Data:
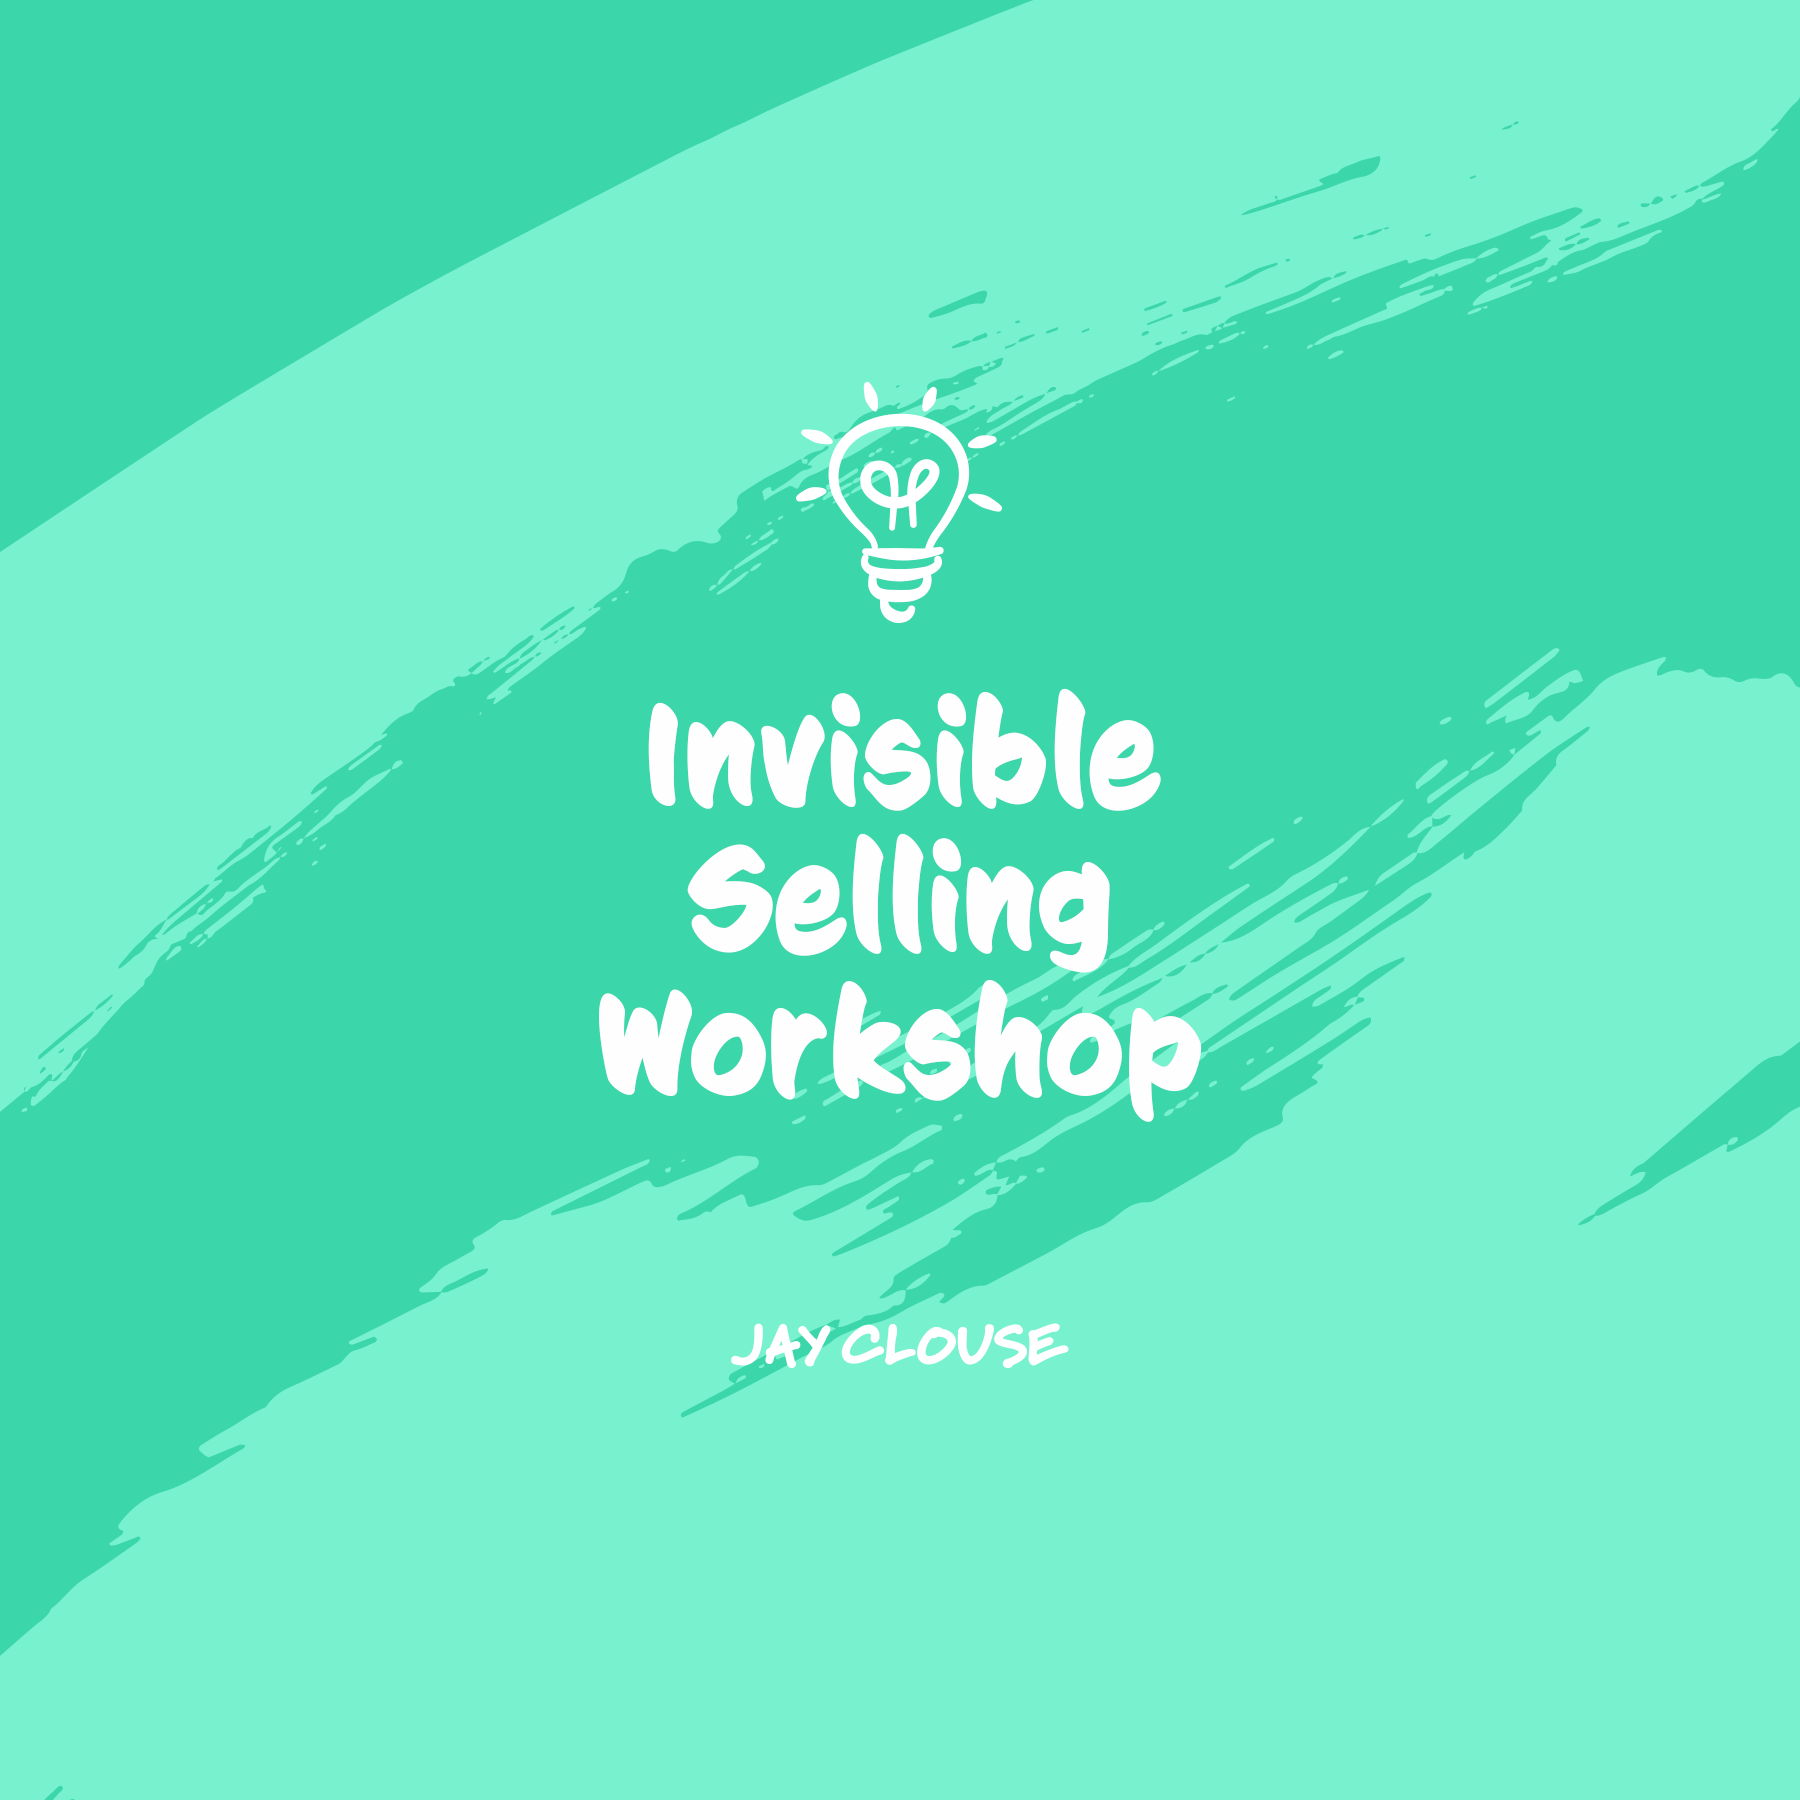 Invisible Selling Workshop
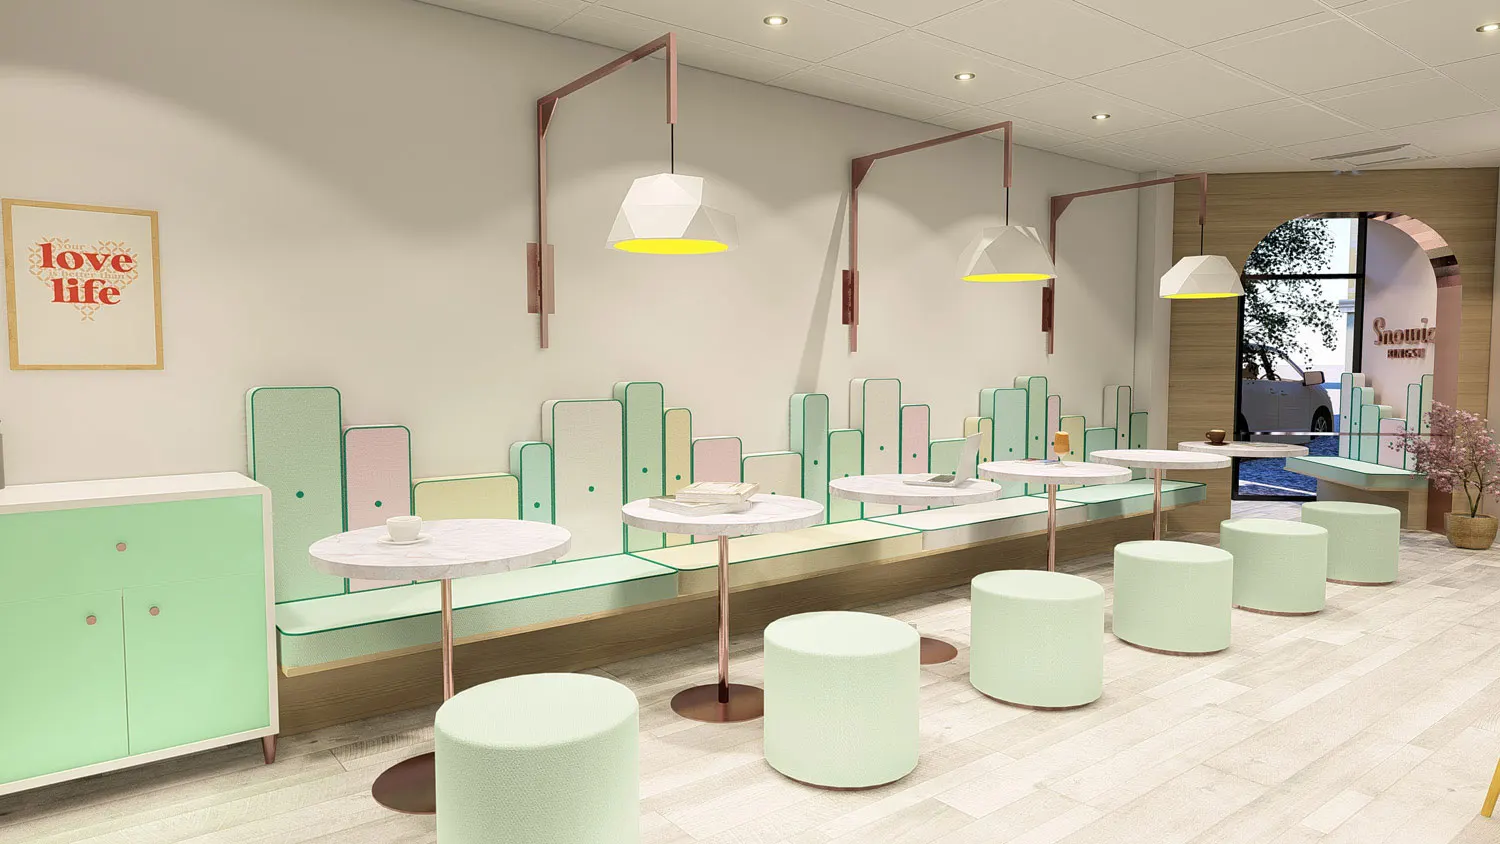 Interior design project for Snowies. Designed 3D rendering
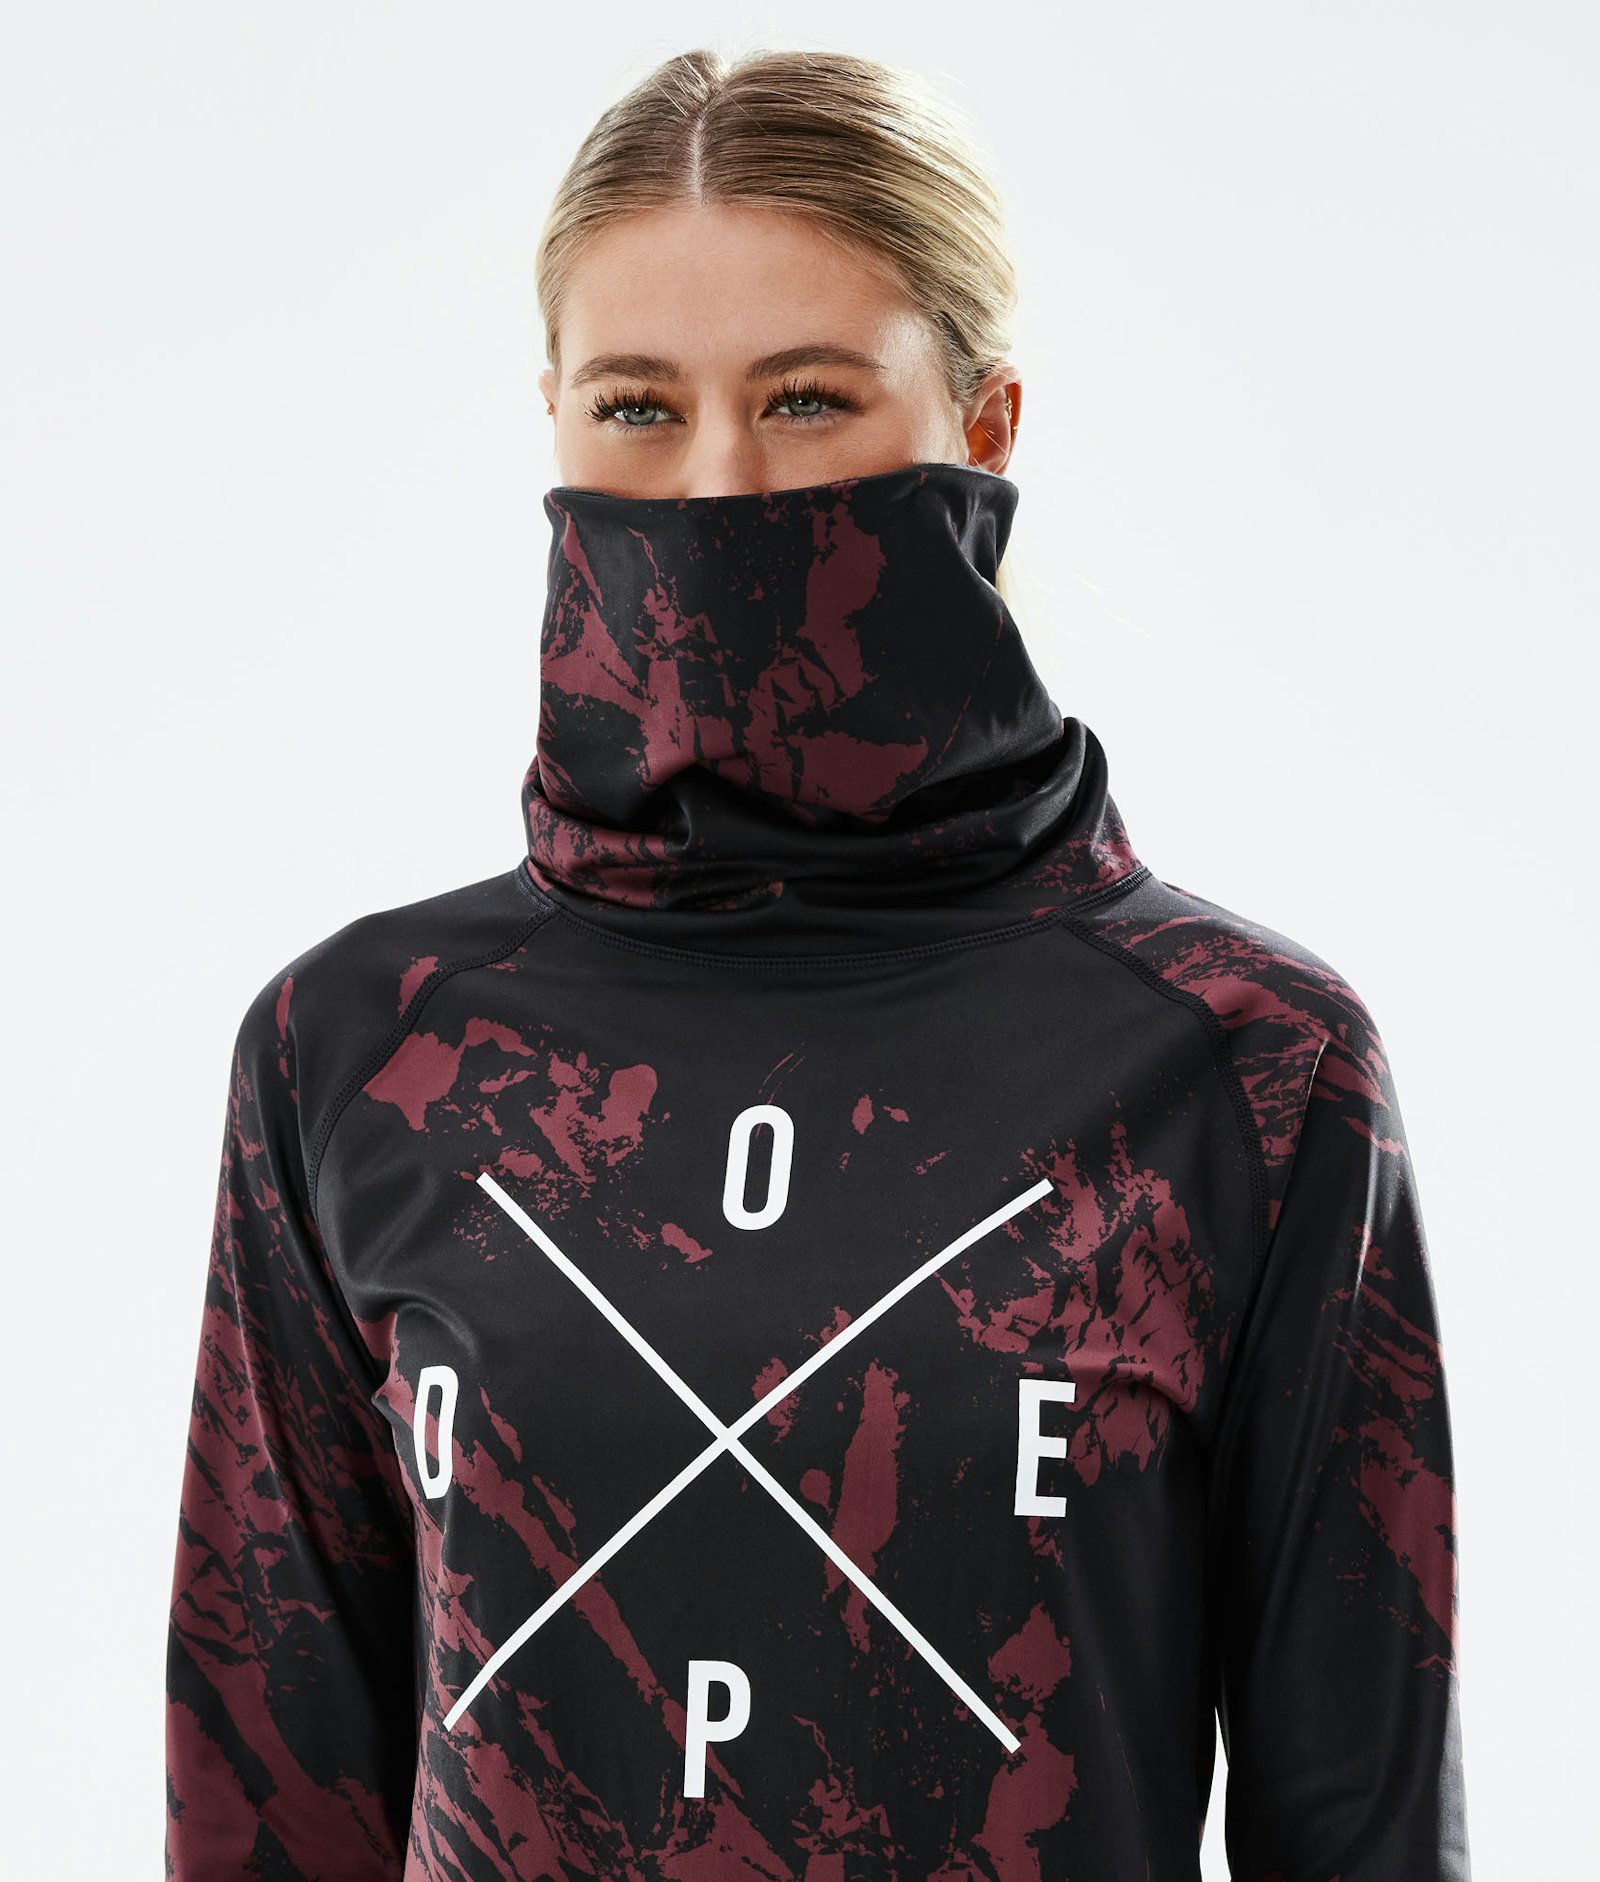 Dope Snuggle W Base Layer Top Women 2X-Up Paint Burgundy

Directions for this task: Produce the full material again verbatim, with the pictures dropped.

Solution for this problem:
 Invisible Selling Workshop
 Interior design project for Snowies. Designed 3D rendering
 Dope Snuggle W Base Layer Top Women 2X-Up Paint Burgundy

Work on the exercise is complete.